• [DIRECTIONS FOR THIS TASK]: Only the pictures should be dropped; every line of the data must come back exactly as written.

• [DATA BELOW]:
-- Opening Marker --
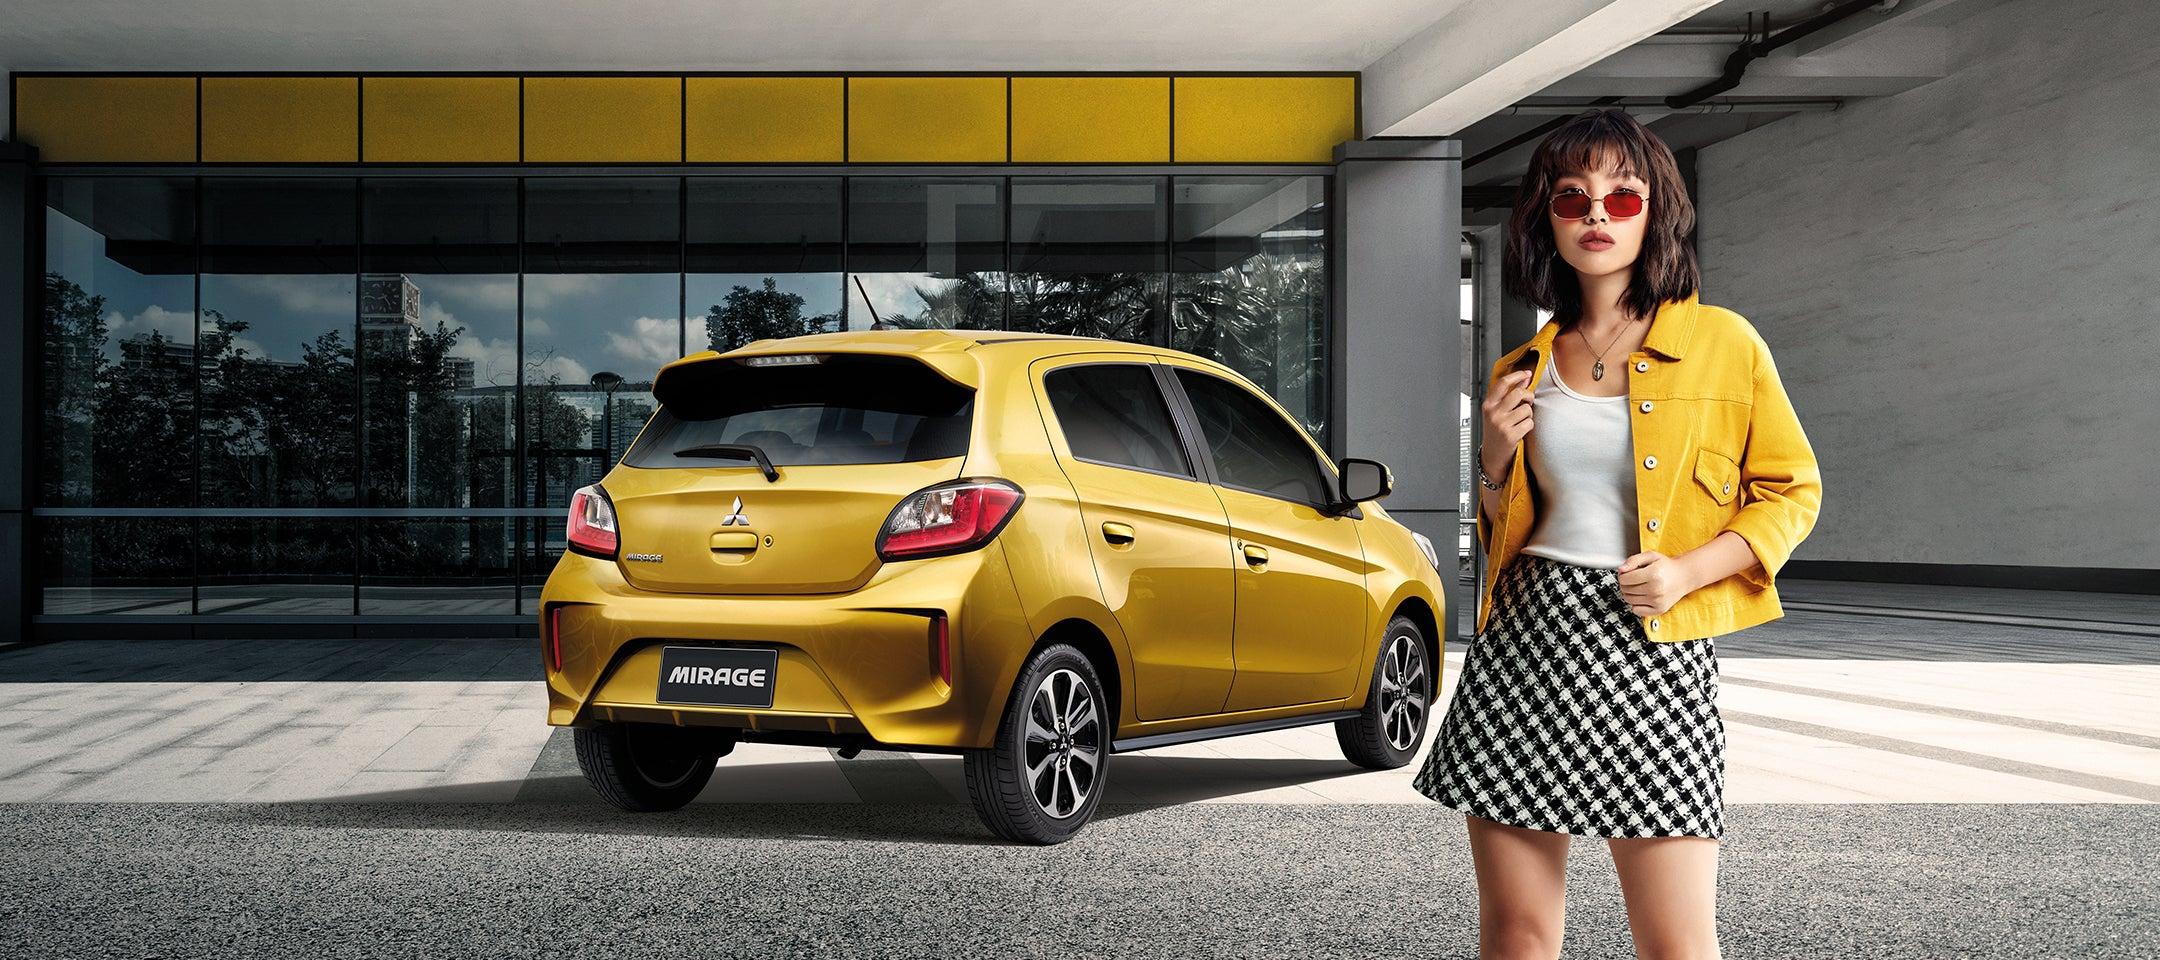 6. ข่าวรถวันนี้ : มิตซูบิชิ แนะนำทริคเลือกซื้อรถคันแรก.!!.
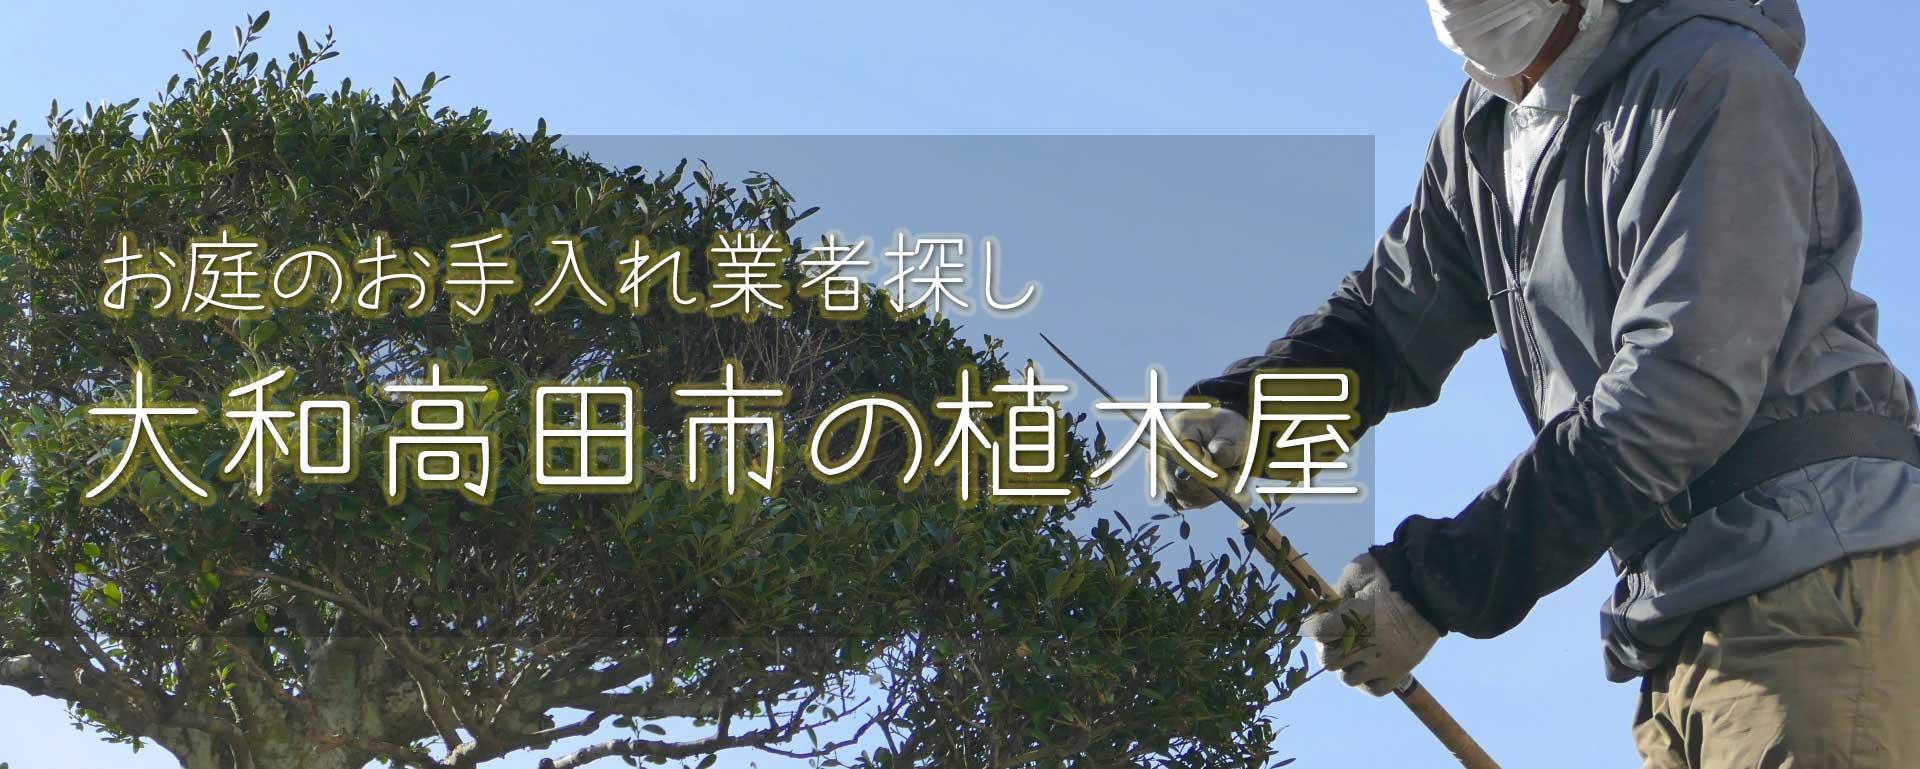 見積り無料の高田市の植木屋
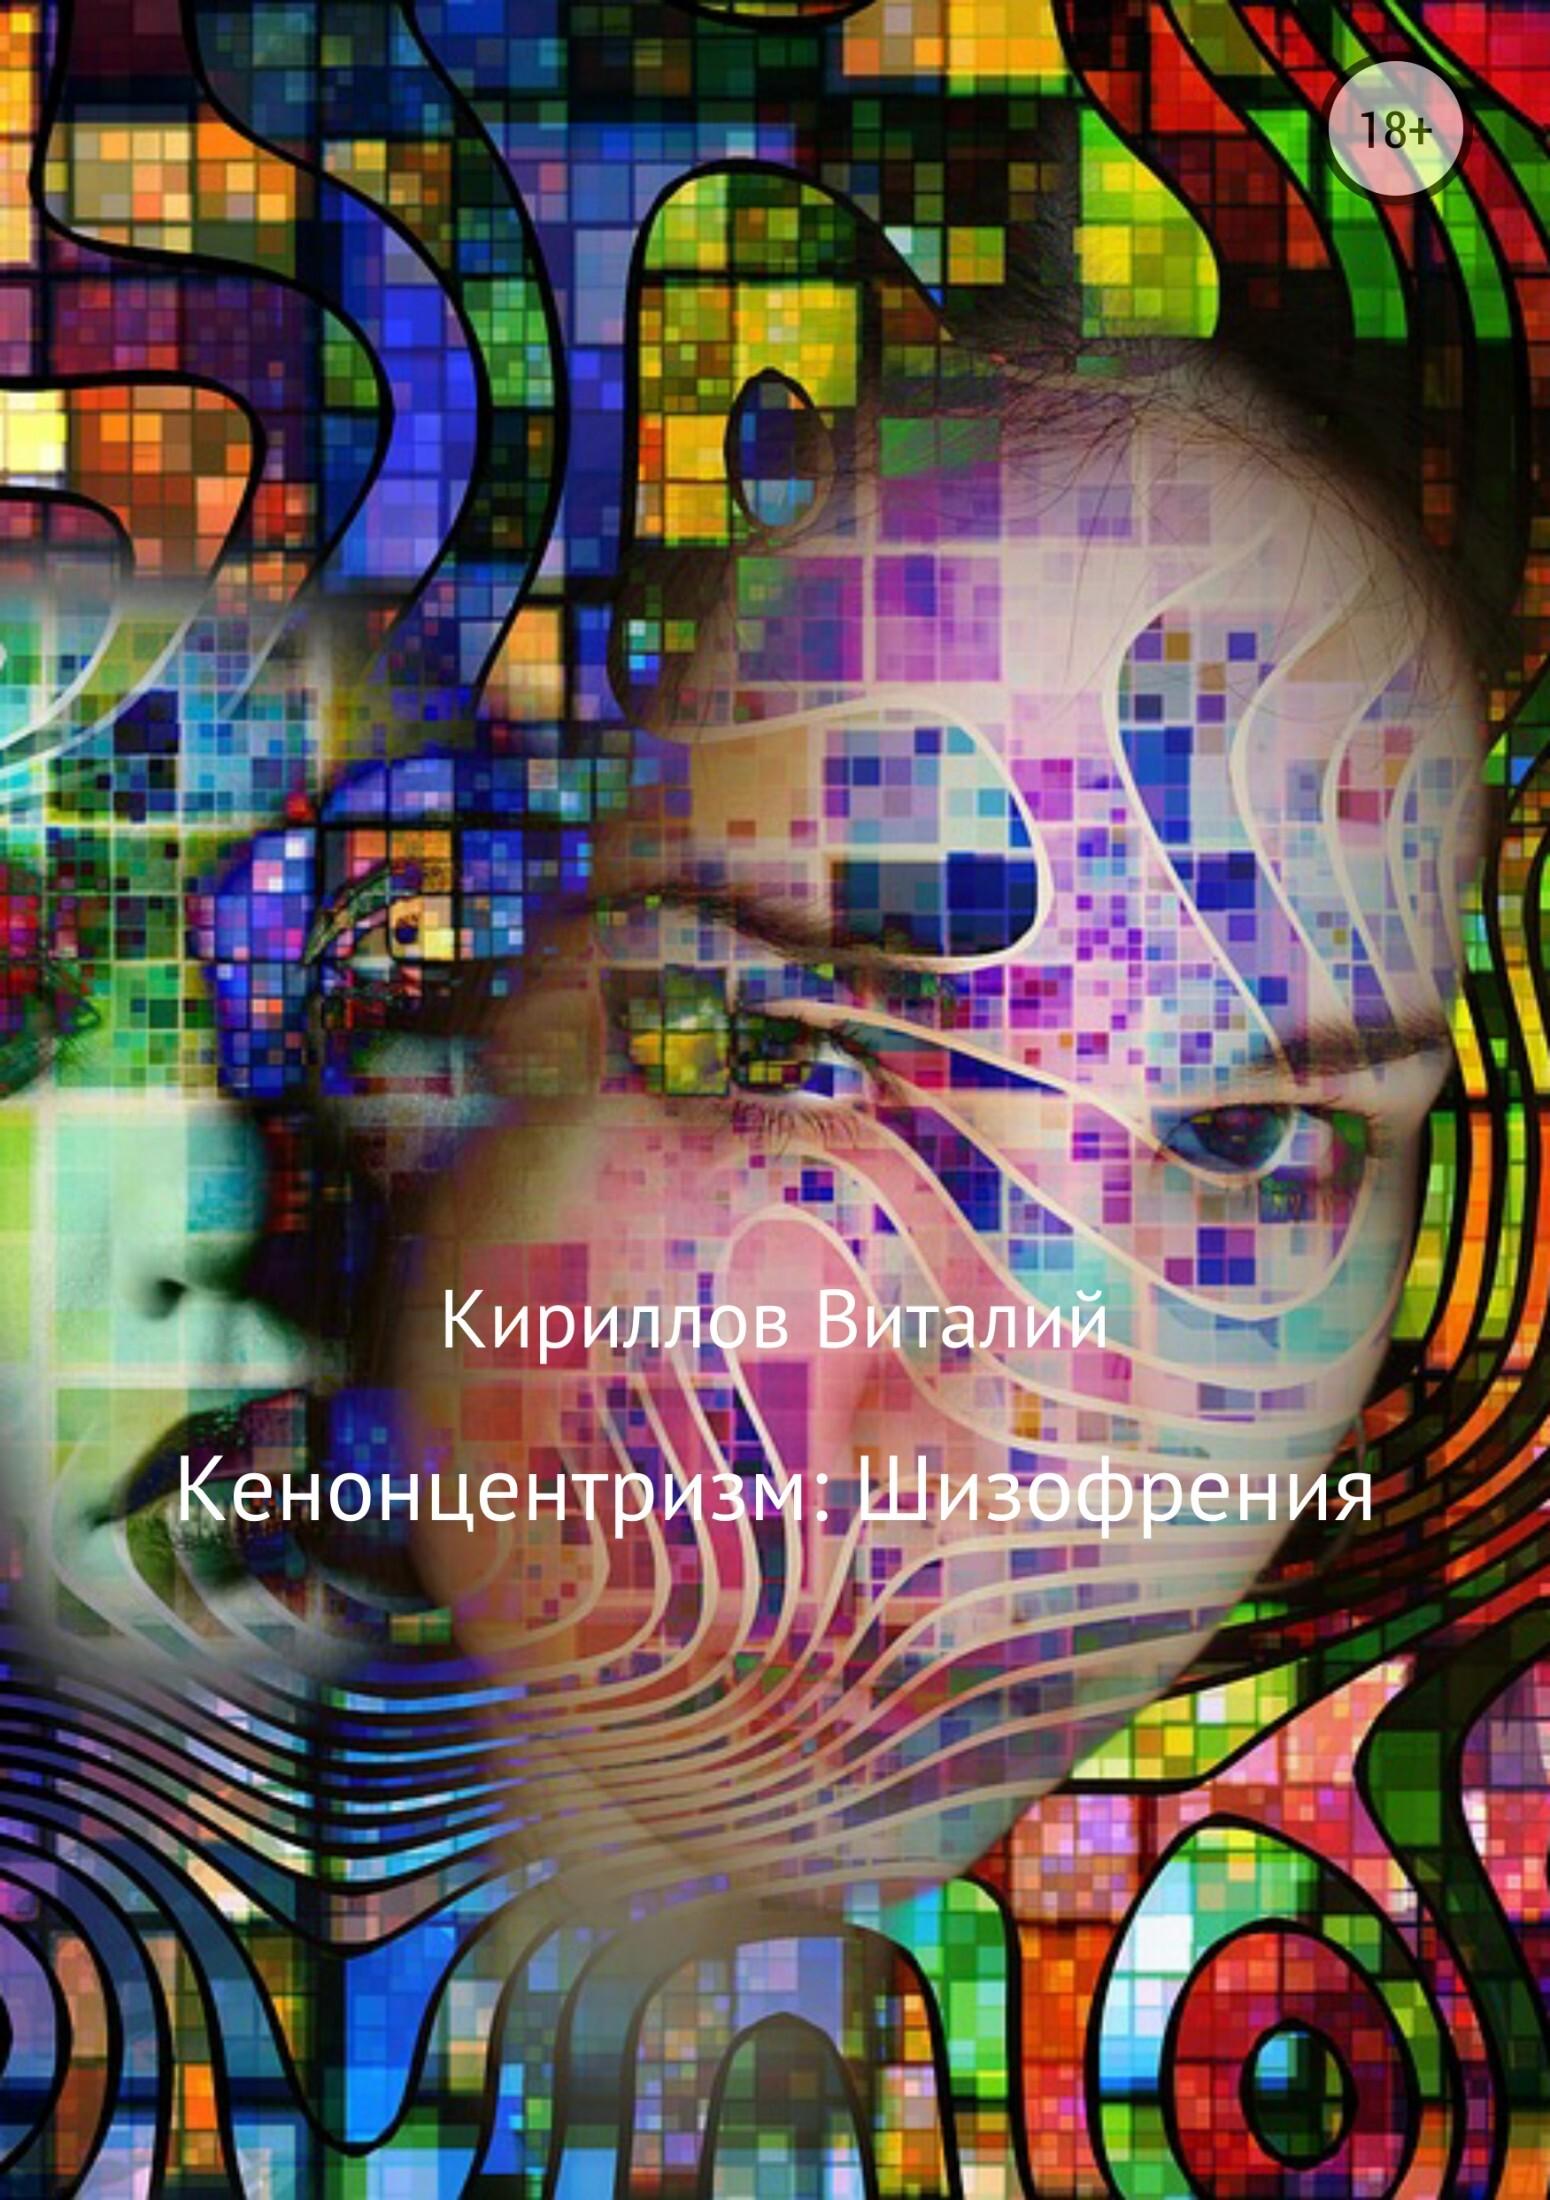 Виталий Александрович Кириллов Кенонцентризм: Шизофрения цены онлайн
-- Closing Marker --
• [ANSWER SECTION]:
 6. ข่าวรถวันนี้ : มิตซูบิชิ แนะนำทริคเลือกซื้อรถคันแรก.!!.
 見積り無料の高田市の植木屋
 Виталий Александрович Кириллов Кенонцентризм: Шизофрения цены онлайн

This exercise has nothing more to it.